§ TASK PROMPT:
Go through the data line by line and count the lines that hold "flower". Reply with the total only.

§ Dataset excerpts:
========================================================================

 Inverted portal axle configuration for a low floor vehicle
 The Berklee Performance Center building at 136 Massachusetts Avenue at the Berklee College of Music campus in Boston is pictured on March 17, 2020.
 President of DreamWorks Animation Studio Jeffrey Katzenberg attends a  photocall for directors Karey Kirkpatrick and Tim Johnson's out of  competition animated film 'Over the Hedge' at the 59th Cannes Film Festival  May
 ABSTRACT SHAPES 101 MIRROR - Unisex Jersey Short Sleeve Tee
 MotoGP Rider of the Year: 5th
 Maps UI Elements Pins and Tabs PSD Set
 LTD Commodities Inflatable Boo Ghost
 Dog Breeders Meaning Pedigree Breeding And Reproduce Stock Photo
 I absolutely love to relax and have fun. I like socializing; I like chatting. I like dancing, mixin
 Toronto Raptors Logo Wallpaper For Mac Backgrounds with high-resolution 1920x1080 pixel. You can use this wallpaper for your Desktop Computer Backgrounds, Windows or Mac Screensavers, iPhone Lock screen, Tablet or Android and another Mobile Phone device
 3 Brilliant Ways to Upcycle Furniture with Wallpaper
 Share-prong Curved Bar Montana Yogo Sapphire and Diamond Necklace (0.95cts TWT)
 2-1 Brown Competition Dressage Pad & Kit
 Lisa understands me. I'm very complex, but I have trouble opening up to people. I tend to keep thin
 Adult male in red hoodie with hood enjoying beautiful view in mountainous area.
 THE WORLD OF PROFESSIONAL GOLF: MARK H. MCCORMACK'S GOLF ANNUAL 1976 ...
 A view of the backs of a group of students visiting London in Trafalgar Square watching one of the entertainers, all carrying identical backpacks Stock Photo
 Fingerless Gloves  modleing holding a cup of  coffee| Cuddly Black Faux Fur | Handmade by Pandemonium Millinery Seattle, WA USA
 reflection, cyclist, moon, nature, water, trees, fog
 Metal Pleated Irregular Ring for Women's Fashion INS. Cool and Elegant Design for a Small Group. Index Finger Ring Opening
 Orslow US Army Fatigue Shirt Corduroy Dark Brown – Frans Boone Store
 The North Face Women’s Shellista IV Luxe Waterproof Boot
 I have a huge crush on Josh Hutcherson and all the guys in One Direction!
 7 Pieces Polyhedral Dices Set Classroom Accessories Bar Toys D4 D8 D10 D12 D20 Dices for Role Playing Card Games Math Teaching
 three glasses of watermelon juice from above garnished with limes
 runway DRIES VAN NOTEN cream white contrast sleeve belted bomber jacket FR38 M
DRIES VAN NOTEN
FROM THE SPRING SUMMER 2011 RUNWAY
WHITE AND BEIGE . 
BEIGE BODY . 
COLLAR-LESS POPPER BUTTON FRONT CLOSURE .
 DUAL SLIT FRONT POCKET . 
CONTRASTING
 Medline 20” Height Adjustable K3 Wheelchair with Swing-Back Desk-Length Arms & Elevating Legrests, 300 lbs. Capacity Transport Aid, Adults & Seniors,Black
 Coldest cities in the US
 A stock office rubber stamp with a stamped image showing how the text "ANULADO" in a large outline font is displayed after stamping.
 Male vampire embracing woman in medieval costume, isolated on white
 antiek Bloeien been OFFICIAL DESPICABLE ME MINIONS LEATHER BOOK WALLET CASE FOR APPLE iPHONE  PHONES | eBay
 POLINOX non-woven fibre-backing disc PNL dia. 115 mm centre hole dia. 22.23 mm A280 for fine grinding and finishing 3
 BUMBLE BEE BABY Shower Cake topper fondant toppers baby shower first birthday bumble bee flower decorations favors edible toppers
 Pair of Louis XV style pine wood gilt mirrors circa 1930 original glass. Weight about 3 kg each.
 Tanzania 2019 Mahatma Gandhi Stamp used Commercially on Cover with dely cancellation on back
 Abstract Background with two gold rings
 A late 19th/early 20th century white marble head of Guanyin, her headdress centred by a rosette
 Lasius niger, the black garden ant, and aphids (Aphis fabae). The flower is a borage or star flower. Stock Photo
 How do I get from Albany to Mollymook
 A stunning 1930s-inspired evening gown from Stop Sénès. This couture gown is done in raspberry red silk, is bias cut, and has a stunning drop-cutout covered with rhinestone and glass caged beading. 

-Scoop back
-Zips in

========================================================================

§ EXPECTED ANSWER:
2